Room in ancient residence at Niva site

After much effort they excavated stone structures.

Remains of ancient wall on erosion witness - Endere site104

Most of this ruin was under the sand.

Part of a wall. Stein always included expedition workers in his pictures to give a sense of scale, But they also convey the loneliness of these desert spots.

Ruined tower with remains of wind-eroded dwelling in forground - Endere site 105

They passed through desolate places where the sand had been blown into random patterns.

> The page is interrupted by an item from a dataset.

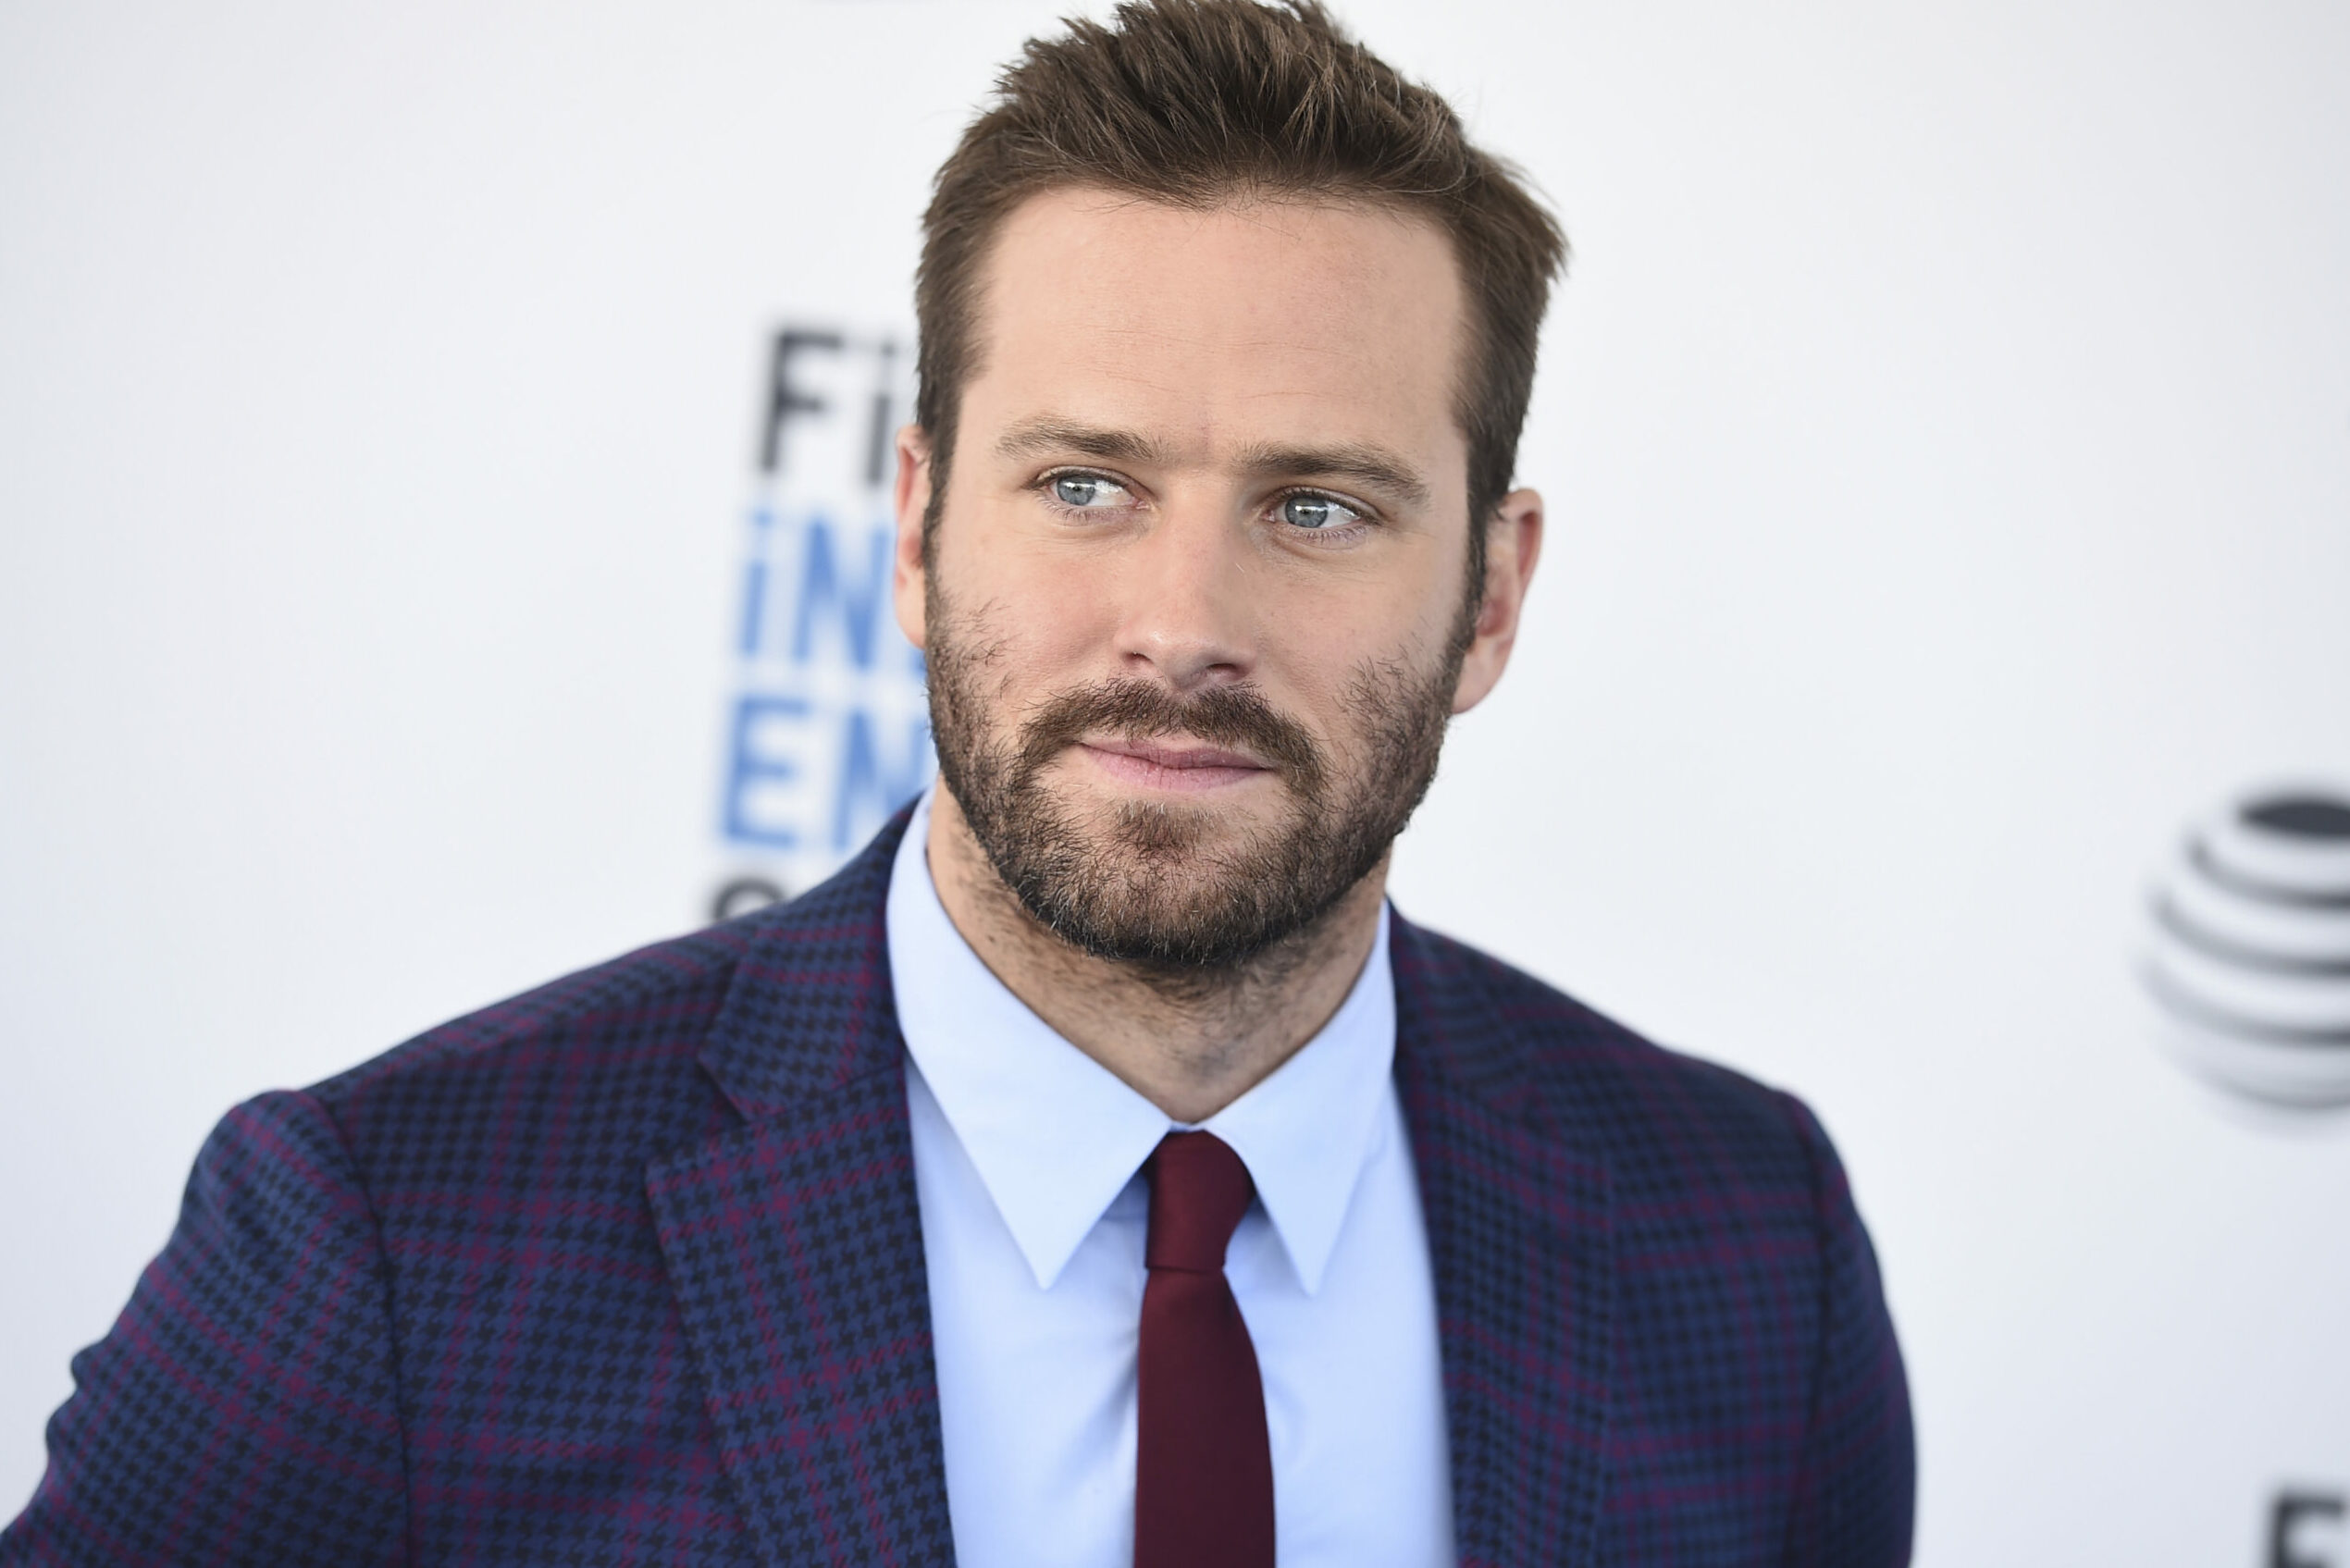 Actor Armie Hammer in rehab | drug issues and disturbing sexual fantasies

View from ruined stupa at Lop-Nor across wind-eroded ground

And found more ancient ruins.

Ruin of ancient stupa at Lop-Nor

Although it’s an effect of the photographic process the blank skies above these scenes add to the impression of the party making its way through a vast empty space with occasional outcrops of decay, remnants of fallen civilisations. There might be room for a few dark imaginings:

The sand of the desert of Yondo is not as the sand of other deserts; for Yondo lies nearest of all to the world’s rim; and strange winds, blowing from a pit no astronomer may hope to fathom, have sown its ruinous fields with the gray dust of corroding planets, the black ashes of extinguished suns. The dark, orblike mountains which rise from its wrinkled and pitted plain are not all its own, for some are fallen asteroids half-buried in that abysmal sand. Things have crept in from nether space, whose incursion is forbid by the gods of all proper and well-ordered lands; but there are no such gods in Yondo, where live the hoary genii of stars abolished and decrepit demons left homeless by the destruction of antiquated hells.

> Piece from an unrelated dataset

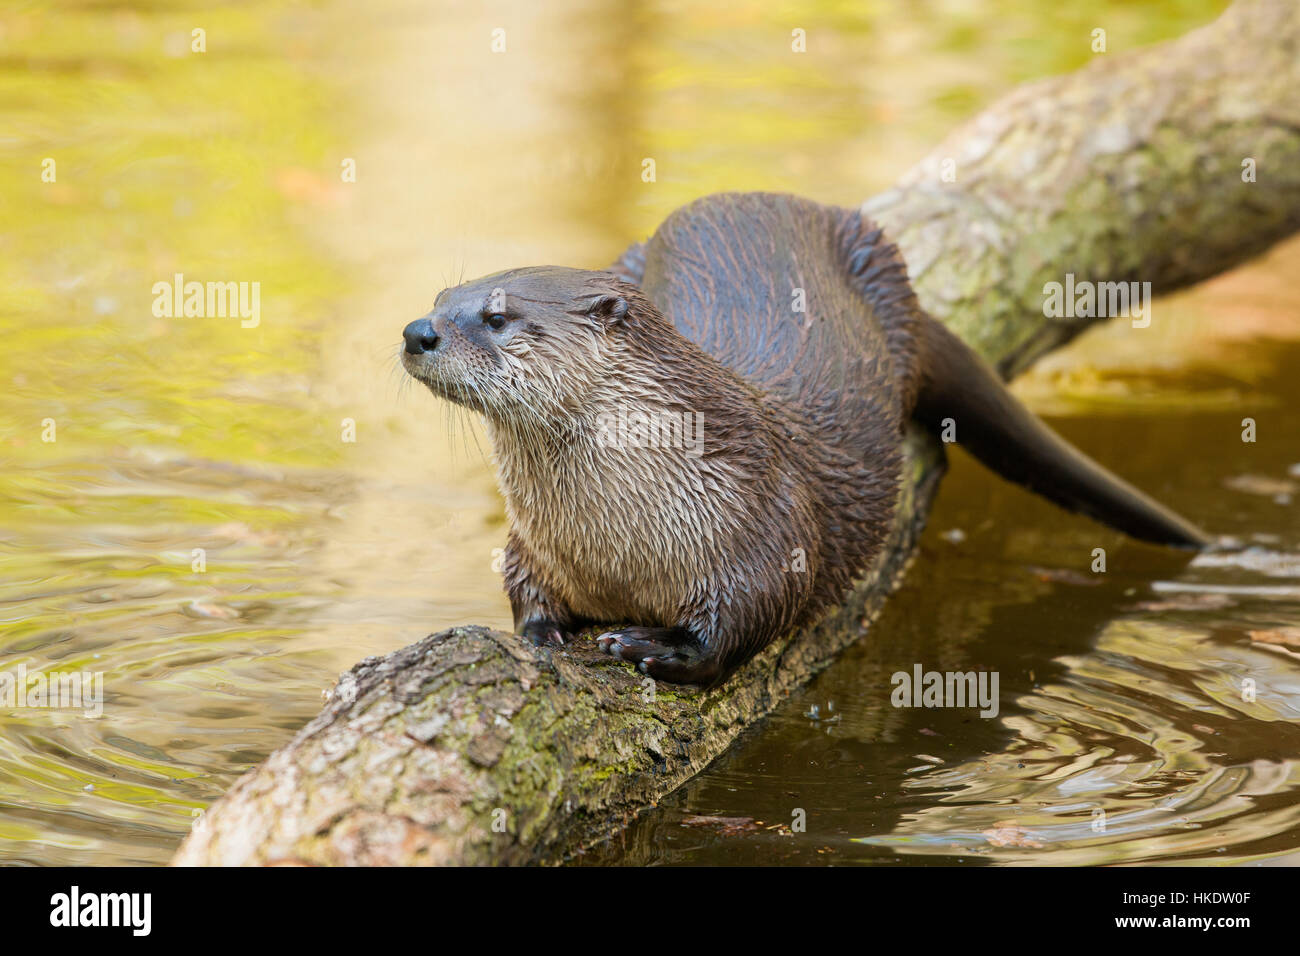 Common otter (Lutra lutra) on log in water, captive, Germany Stock Photo

[Clark Ashton Smith: The Abominations of Yondo] [Smith was writing in the 1930s when distant and inaccessible places could be made to seen sinister and threatening as in his friend Lovecraft’s At the mountains of madness which depicts impossibly tall mountains in Antarctica. That story was nearly turned into a film by Guillermo del Toro. I’d love to have seen that.]

Looking through Stein’s book the page headings alone tell a mysterious story: Records from a hidden archive….Last days at a dead oasis……….Arrival at a frozen lake…Heads of Colossal Buddhas…Story of a magical elephant……..Ancient temples of Miran…..Last drink for the animals……Goblins of the Gobi…The town of the dragon

This picture shows the camels eating reeds as  they came to the edge of one of the desert regions the expedition crossed.

Camels grazing on frist reeds after crossing Lop-Nor Desert - Copy

An overgrown structure is disovered near the same spot.

Circumvallation of small fort of Merdek-Shahr, overgrown with reeds

But also in this region there were  more complete finds.

Ruin of domed Buddhist shrine enclosing stupa at Miran

A stupa, and below at a site called Miran:

Remains of colossal figures of seated Buddhas in ruined shrine at Miran

The remains of colossal figuures

Stucco head of colossal Buddha figure at ruined shrine Miran

No Ozymandias here but evidence of a great civilsation now fallen,

With its placid satues of Buddha, its strange beings depicted on frescos:

Frescoes of winged figures from dado of ruined shrine at Miran

(Stein puzzled over these almost Greco-Roman style images.)

And its own demons

Vaisravana Demon-King of the Northern Region

[Vaisravana, the demon king of the northern region]

At Miran

Base of Buddhist shrine at Miran

The edge of the Chinees empire

Ruin of ancient watch tower near westrn end of Tun-Huang Limes 153

A watch tower, and below, a fort.

Ruin of ancient Chinese fort 154

I’ve only taken you on part of the journey. There was still the Cave of a Thousand Buddhas and other wonders to see.

Stein and other explorers and archaeologists brought back a great deal of material before the Chinese government closed the region.  Was it theft or preservation? I couldn’t say. For me the treasure is in the pictures of unknown places from long ago and the strangers who ventured into them.


So we finally made it on the far journey. Having made this selection I looked again and found many more images I could have used , and this was just in Volume 1. Stein was a remarkable man. I won’t pretend to have done him justice here, but the photographs show some of the distant places of the world which are now also distant in time. Next week we’ll be back in K and C.

My background reading was Peter Hopkirk’s excellent Foreign devils on the silk road.